It simply isn't clear to me how best to do this, ie. whether we consider the owner of the namespace always to have the final "say" as to where their content can be put, or whether the XML namespace mechanism means we can include anything, regardless of the original expectations of the namespace author.
RDF is an interesting sub-case. RDF vocabularies form a semi-closed community. The normal case for RDF vocabularies (such as FOAF, DC, RSS1 modules, MusicBrainz, Wordnet, CC., etc) is to appear in an RDF syntactic context, ie. when we know the XML structures are arranged according to the RDF/XML syntax, ie. as a serialization of an RDF graph. If they're appearing in a XML syntax known to be an encoding of an RDF, everything is sweet, since we know for each XML element (whether from known or unknown namespace) what role it is playing, ie. whether it is encoding a 'node' or an 'arc' from the graph.
The tricky case is where RDF namespaces are mixed in an XML context where the XML is not generally being arranged as an encoding of an RDF graph. In such cases, all bets are off, we don't really know what is meant by an unknown XML element or attribute, since there is no over-arching set of cross-namespace rules that are being followed.

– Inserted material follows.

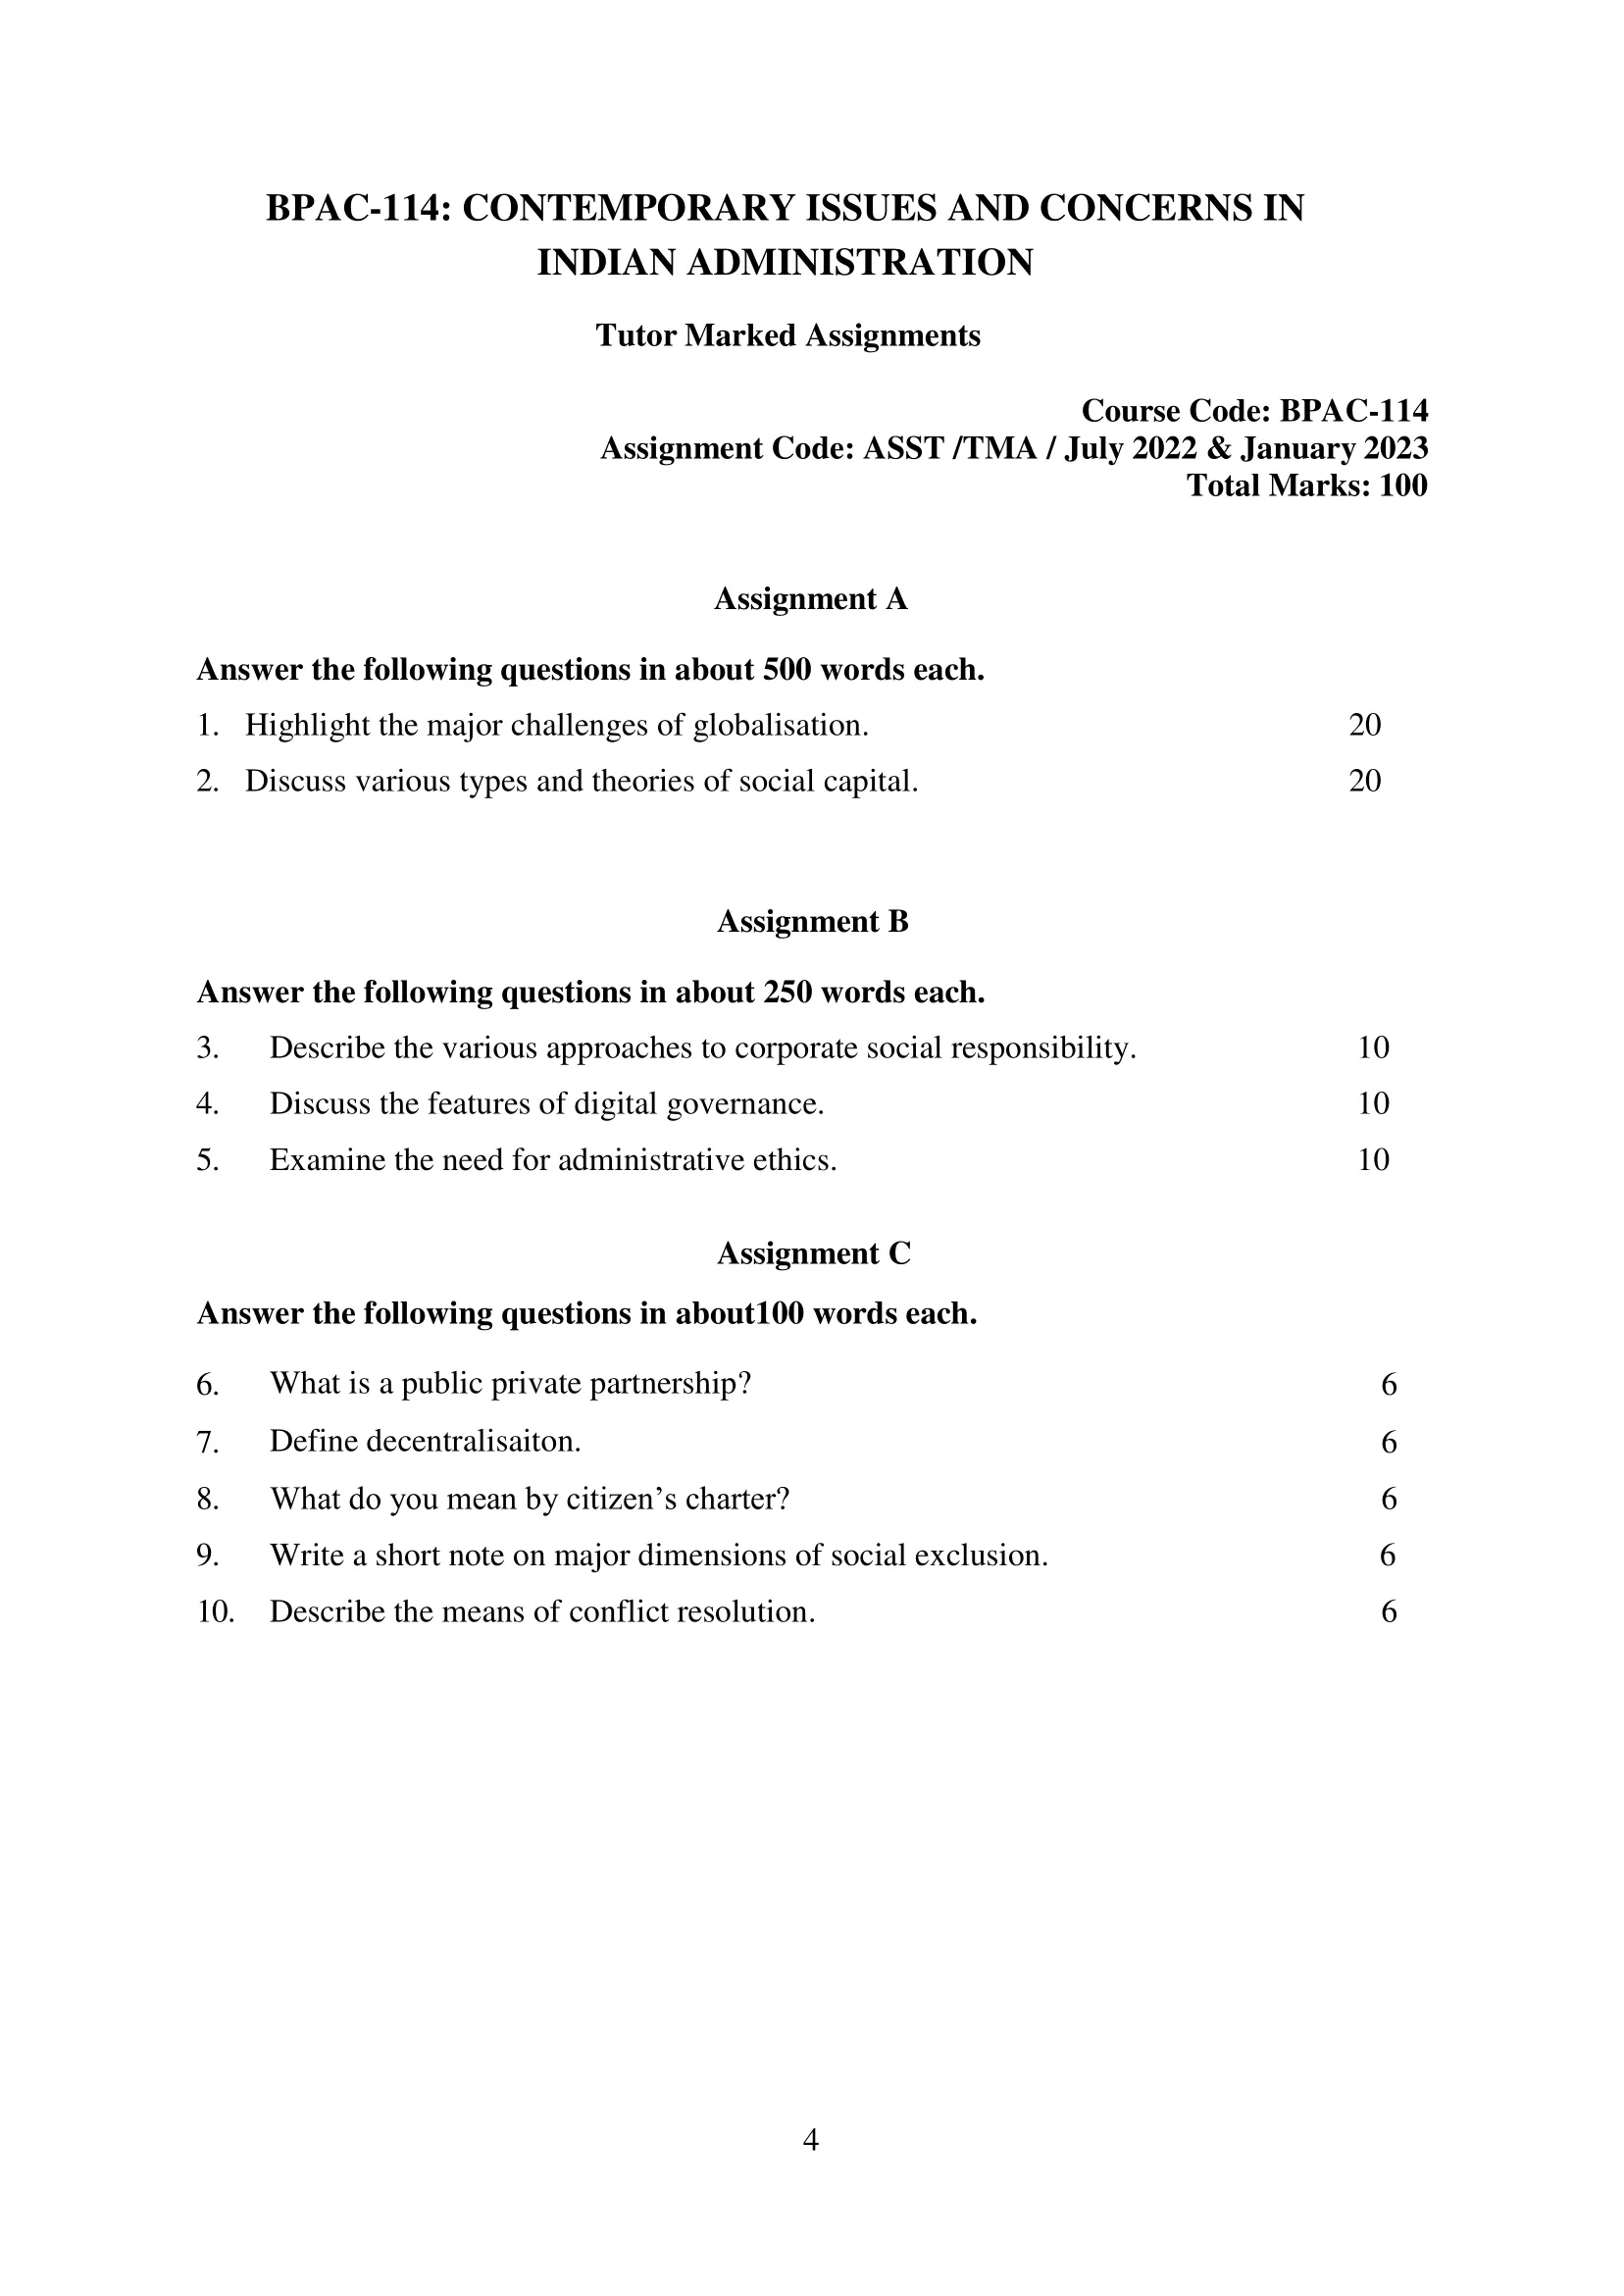 BPAC-114 IGNOU BAG Solved Assignment-CONTEMPORARY ISSUES AND CONCERNS IN INDIAN ADMINISTRATION

So, what to do? A stark line (one I don't believe anyone is taking) would be to assert that RDF vocabularies can only appear in XML documents that are structured according to the (current) RDF/XML syntax. So any use of FOAF in non-RDF XML would be illegal, for example. That strikes me as wrong for a couple of reasons. Firstly it increases the gap between RDF and XML when we should be working to reduce it. Secondly, it would create an upgrade hell if W3C (or anyone else) were trying to deploy an alternative XML encoding of RDF graphs (there are a few of these and one may catch on...). There may end up being other XML encodings of RDF graphs, and we won't want to go changing all our RDF vocab namespace URIs to celbrate that occasion.
So a less stark line, and one I'm currently inclined towards, is to explore some rules along the lines of "It is OK for XML markup to draw upon RDF namespaces even when the enclosing XML markup isn't in RDF syntax, so long as all elements below that RDF-namespaced element are structured in accordance with a regular RDF syntax.
You mention test cases, which sound like a great way forward. I guess we'd have something like:
(hmm can I use markup here? let's see...)
(assume default ns is rss2 and if this example seems dumb, we could redo using Jobs vocab)
<item xmlns:dc="purl.org">a photo of a dog called bob<dc:format>image/jpeg</dc:format><foaf:depicts> <wn:Dog><foaf:name>Bob</foaf:name><foaf:homepage><foaf:Document rdf:about="bobthedog.example.com"><dc:title>A Dog's Life</dc:title></foaf:Document></foaf:homepage></wn:Dog></foaf:depicts><etc>more rss2 stuff here, and other XML namespace with no structure required</etc></item>
...so I'd be happy seeing that sort of thing. ie. a self-contained island of RDF, which internally is OK by RDF syntax rules (ie. matches a production from the RDF/XML grammar, in this case starting at a property element, 'depicts').
Another test case, which I'd be inclined to rule ill-advised, would be one which mixed in non-RDF namespaces and syntactic structures right alongside the RDF-oriented markup. For example:
oops my finger slipped and I hit submit. Hmm looks like markup was ok but isn't indented nicely.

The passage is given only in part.